Ben Kingsley &Biopic &Monumentalfilm Benjamin on 19 Sep 2007 03:17 am
Gandhi (Richard Attenborough, Großbritannien/Indien 1982)
Ich weiß noch ganz genau, wie es war, als ich diesen Film vor ca. vier Jahren das erste Mal gesehen habe. Nachts um eins angemacht, hatte ich ernsthafte zweifel dieses dreistündige Biopic zu Ende zu sehen. Aber es bestand nicht eine Minute die Gefahr des Einschlafens und als die Endtitel liefen habe ich mich gefragt, warum nicht alle Filme so sein können wie “Gandhi” und wie ich je wieder einen normalen Film werde sehen können, ohne das Gefühl zu haben, dass da etwas fehlt.

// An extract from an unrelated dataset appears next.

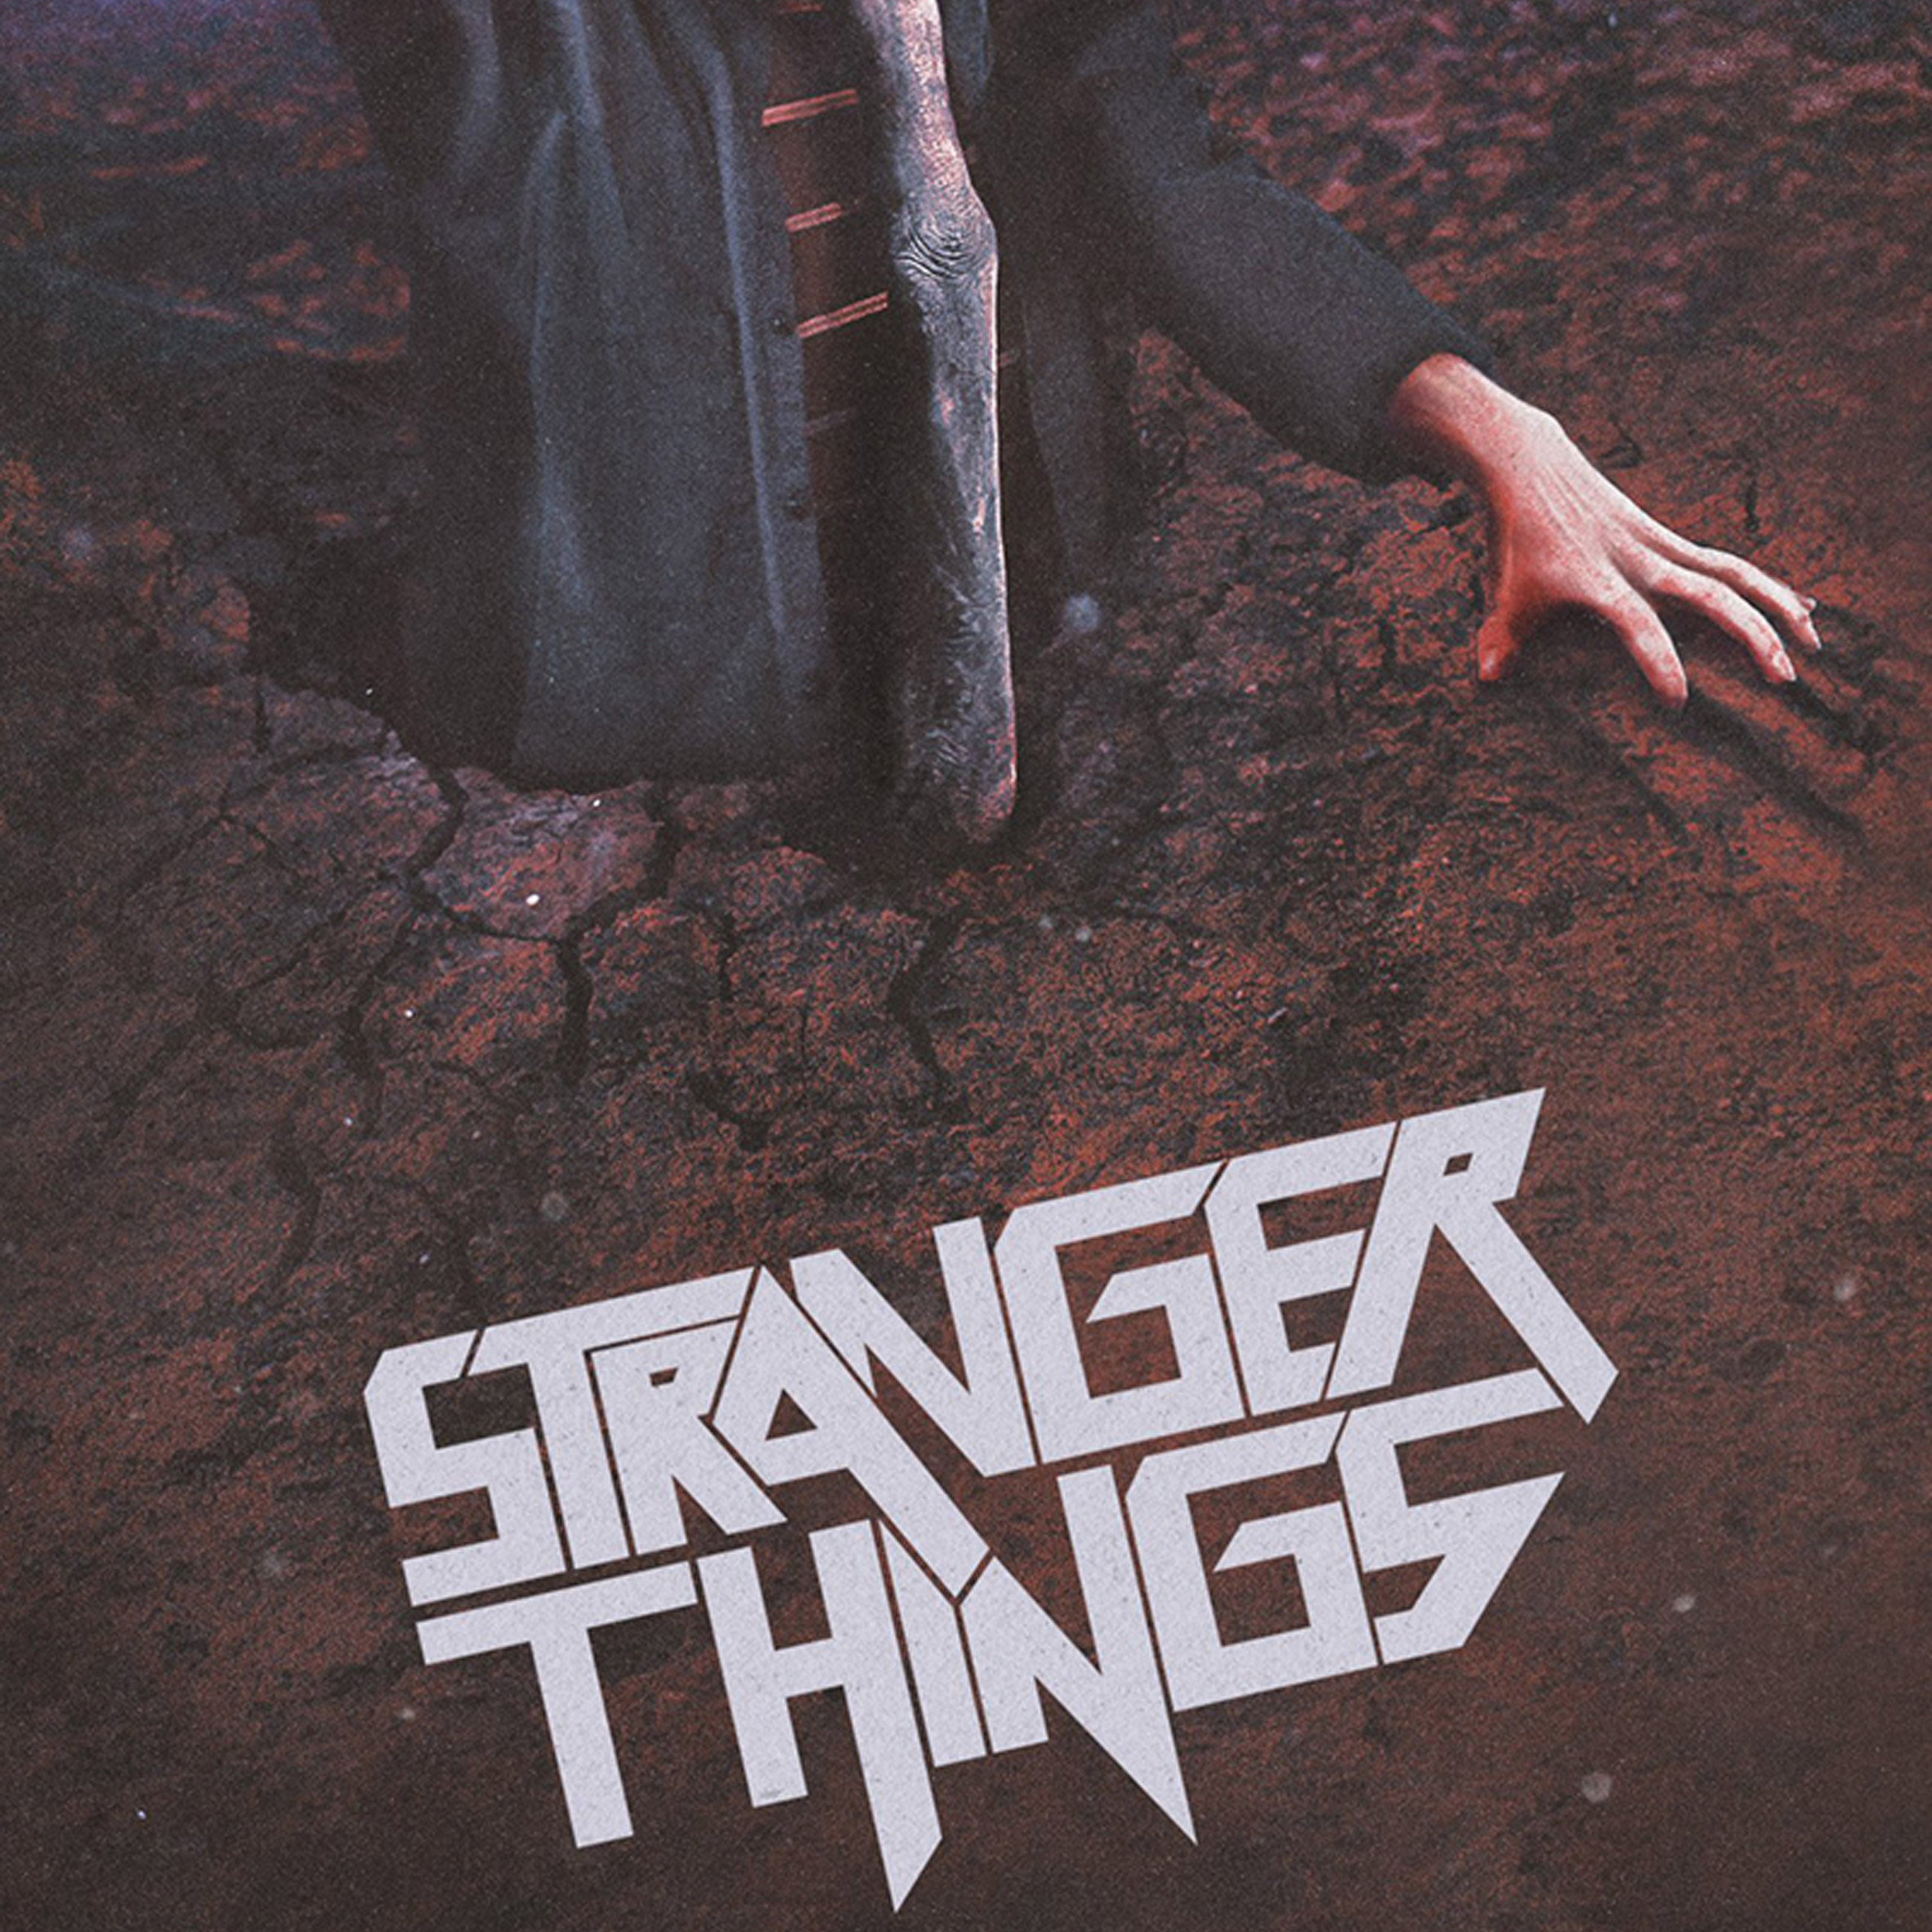 Stranger Things Wallpapers - Top 65 Best Stranger Things Backgrounds

Dieser Film ist wahrlich ein Monumentalfilm und zugleich ein wahres Epos. Ein filmisches Denkmal für eine Ausnahmepersönlichkeit des 20. Jahrhunderts. Zwar gibt es einige indische Intellektuelle, die die mit dem Film vollzogene als typisch westlich proklamierte Glorifizierung Gandhi kritiseren, aber dennoch denke ich dass dieser Film ihm gerecht wird. Gleich im Vorspann erklärt auch der Regisseur, dass es unmöglich ist, das Leben eines Menschen annähernd gerecht wiederzugeben, dass man unmöglich jedem Jahr und jedem das richtige Gewicht zukommen lassen kann, sondern dass man lediglich versuchen kann zu vermitteln, welchen Eindruck das Leben dieser Person auf das eigene Herz gemacht hat.
Trotz dieser Erklärung kommt die Verfilmung gänzlich untheartralisch daher und dennoch nimmt man auch durch die reine nüchterne Darstellung der Begebenheiten starken Anteil am Leben und Schicksal Gandhis, welcher perfekt von Ben Kingsley verkörpert wird. Die Ähnlichkeit zwischen Kingsley und Gandhi ist so täuschend, dass einige Inder in Kingsley den Geist Gandhis gesehen haben. Und in der Tat, wenn man einige bekannte Fotos mit Bilder aus dem Film vergleich ist es schwer einen Unterschied ausfindig zu machen, zumindest in der Phase, in der Gandhi ebenso alt war wie Kingsley, als er den Film drehte.
“Gandhi” erzählt die Geschichte eines Mannes, der quasi mit nichts ein Weltreich besiegt hat. Zwar haben Faktoren wie der zweite Weltkrieg ebenfalls dazu beigetragen, dass das englische Kolonialreich nach ihm endgültig zerfallen ist, aber das Prinzip des waffen und gewaltlosen Widerstands wurde selten so konsequent und so erfolgreich durchgeführt, wie von Gandhi. Er wurde zum Vater der Nation Indien und bei außer Kontrolle geratenen Unruhen im Land ging er in der Hungerstreik um ihn zu beenden, und tatsächlich hörten die Inder auf, sich gegenseitig zu töten, um sein Leben zu retten. Seine Liebe zu seinem Land war immer größer als die Liebe zu sich selbst, und es machte ihm nichts aus, Jahre im Gefängnis zu verbringen, da er immer davon überzeugt war, dass die Wahrheit irgendwann siegen muss, und es war damals die Wahrheit, dass die Briten besetzer eines jahrtausende alten Landes waren, die zu Unrecht und mit Gewalt herrschten. Um so mehr hat es ihn getroffen, als nach Abzug der Briten das Land gespalten wurde und die muslimische Minderheit das autonome Land Pakistan gründete. An dieser Teilung hat er sich selbst die Schuld gegeben, ebenso wie einge religiöse Fanatiker, von denen einer dann selbst Richter und Henker spielte und Gandhi 1947 erschoss.
Die am Anfang gezeigte Massenszene zeigt 300.000 Protagonisten, welche an Gandhis Beerdigung teilnehmen. Diese Szene wurde in der Tat am 33. Jahrestag der Beerdigung Gandhis gedreht und war bis dahin, die größte je gedrehte Massenszene. 11 Kamerateams waren im Einsatz und haben 20.000 Fuß Film gedreht, was dann für den Film auf 125 Sekunden heruntergeschnitten wurde. Diese gewaltige Szene ist stellvertretend für den ganzen Film, welcher einen von der ersten Minute an packt und trotz seiner dreistündigen Laufzeit keinen Hänger hat. Ein absolut zeitloses Meisterwerk.